The secondary analysis results are also saved as a zipped Zarr file (analysis.zarr.zip
), which can be read by Xenium Explorer for data visualization. See Overview of Xenium Zarr Output Files for file specifications.
The gene_panel.json
file is a copy of the gene panel file used in the experiment on the Xenium Analyzer instrument.
- The JSON files and additional resources for 10x pre-designed panels are provided on the Pre-designed Xenium Gene Expression Panels page.
- For custom panels, the JSON file can be downloaded from the Xenium Panel Designer tool after the design is finalized. See Getting started with Xenium Panel Design for guidance.
The JSON schema contains metadata
and payload
objects.
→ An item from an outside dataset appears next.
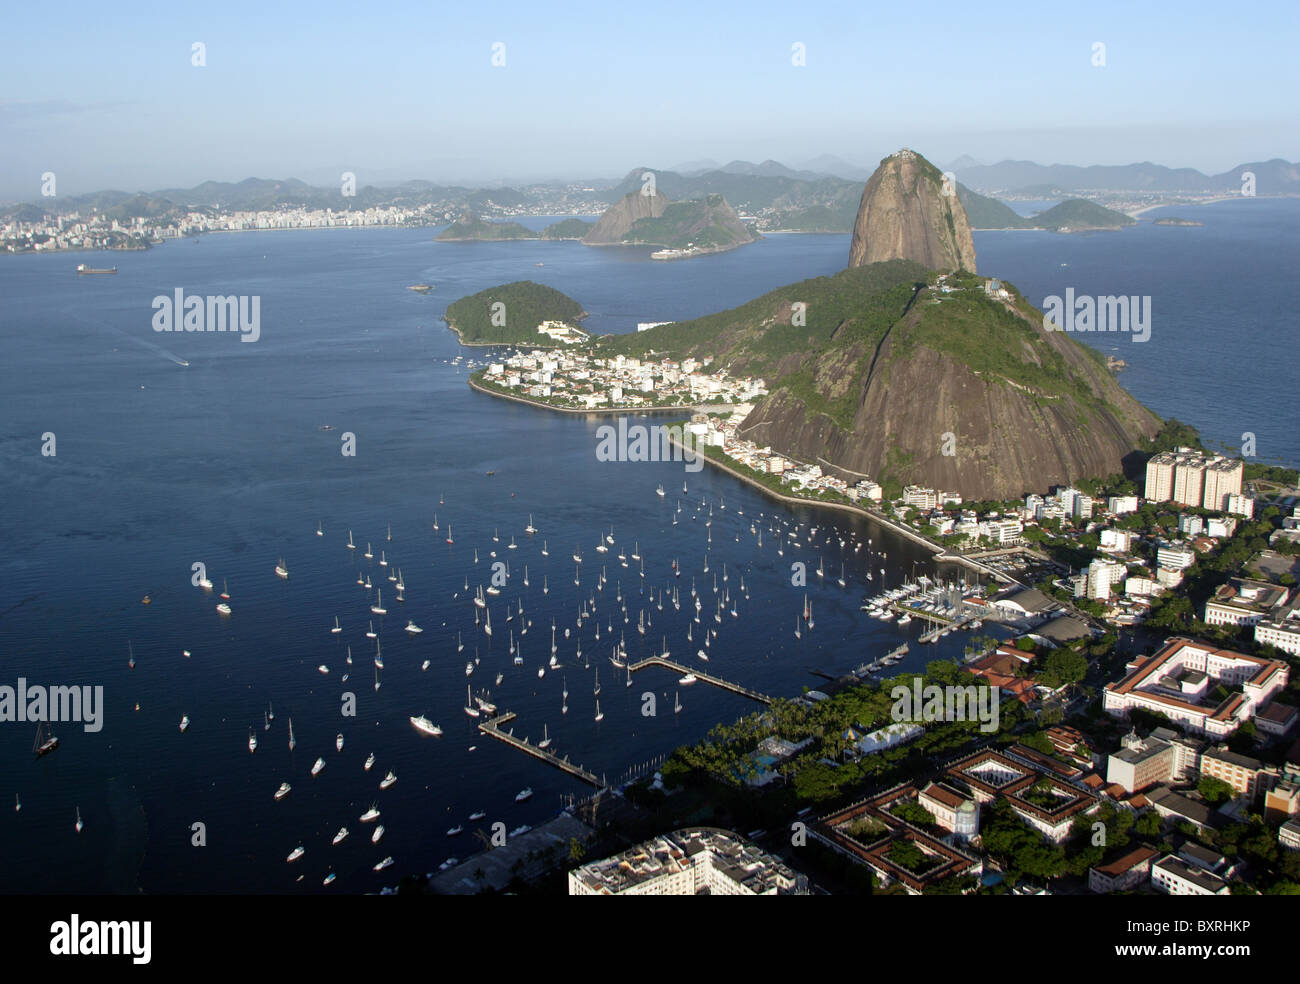 Brazil, Rio de Janeiro, City view from Mirante Dona Marta overlooking modern city with Sugar Loaf Mountain in distance Stock Photo

The payload
object contains the following:
Object | Description |
---|---|
chemistry | Version of Xenium In Situ assay chemistry (i.e., "v1"). |
customer | Customer contact information derived from design or 10x cloud if the Xenium Panel Designer was used. |
designer | When and who created the design. |
panel | Information about the panel design, including name, ID, and total number of targets. |
spec_version | Version of panel JSON file format. |
targets | Information about each target (gene, control) in the panel, including gene identifiers and gene coverage (also referred to as the number of probe sets). The latter may be useful for assessing per-gene sensitivity. |
Python or other tools can be used to parse the JSON file. Here is example Python code to extract gene name, Ensembl ID, and gene coverage information for each gene target in a given panel:
# Import Python libraries # Example with Python v3.12, pandas v2.1.1 import json import pandas as pd # Open JSON file f = open('gene_panel.json') # Edit file name here # Return JSON object as a dictionary data = json.load(f) # Create lists to store extracted information gene = [] ensembl = [] cov = [] # Iterate through the JSON list to extract information for i in data['payload']['targets']: if (i['type']['descriptor'] == "gene"): # Only collect info for genes, not controls gene_name = i['type']['data']['name'] ensembl_id = i['type']['data']['id'] coverage = str(i['info']['gene_coverage']) gene.append(gene_name) ensembl.append(ensembl_id) cov.append(coverage) # Create output CSV file out_df = pd.DataFrame(list(zip(gene, ensembl, cov)), columns=['Gene name', 'Ensembl ID', 'Gene coverage']) out_df.to_csv('my_panel_gene_info.csv', index=False) # Close file f.close()
The following are provided in aux_outputs/
(see release notes for updates):
- The
morphology_fov_locations.json
file contains the field of view (FOV) name, height, width, and XY positions in the space of the region of interest's (ROI) morphology image. This is the same space used to compute transcript and cell locations and the units are in microns. The FOVs have 3,520 rows and 2,960 columns with 128 pixels of overlap on each edge (this may change in future versions of the Xenium platform). The position information is useful for determining where FOV boundaries are to assess transcript deduplication and any FOV edge effects. - The
overview_scan_fov_locations.json
file contains the FOV name, height, width, and approximate XY positions in the space of the overview scan image. This is the space that contains all the ROIs and the units are in pixels. The accuracy of the ROI coordinates have a 5 - 10 µm error. This position information is useful for approximating where multiple ROIs are located on an overview scan image. - The
per_cycle_channel_images/
directory contains downsampled 2D RNA images (maximum intensity projection) from each cycle and channel (not the morphology stain images). These images may be helpful for troubleshooting analysis summary alerts or unexpected metrics and analysis results. - The
overview_scan.png
is the full-resolution (1672 x 3498 pixels) image of the entire sample on the slide.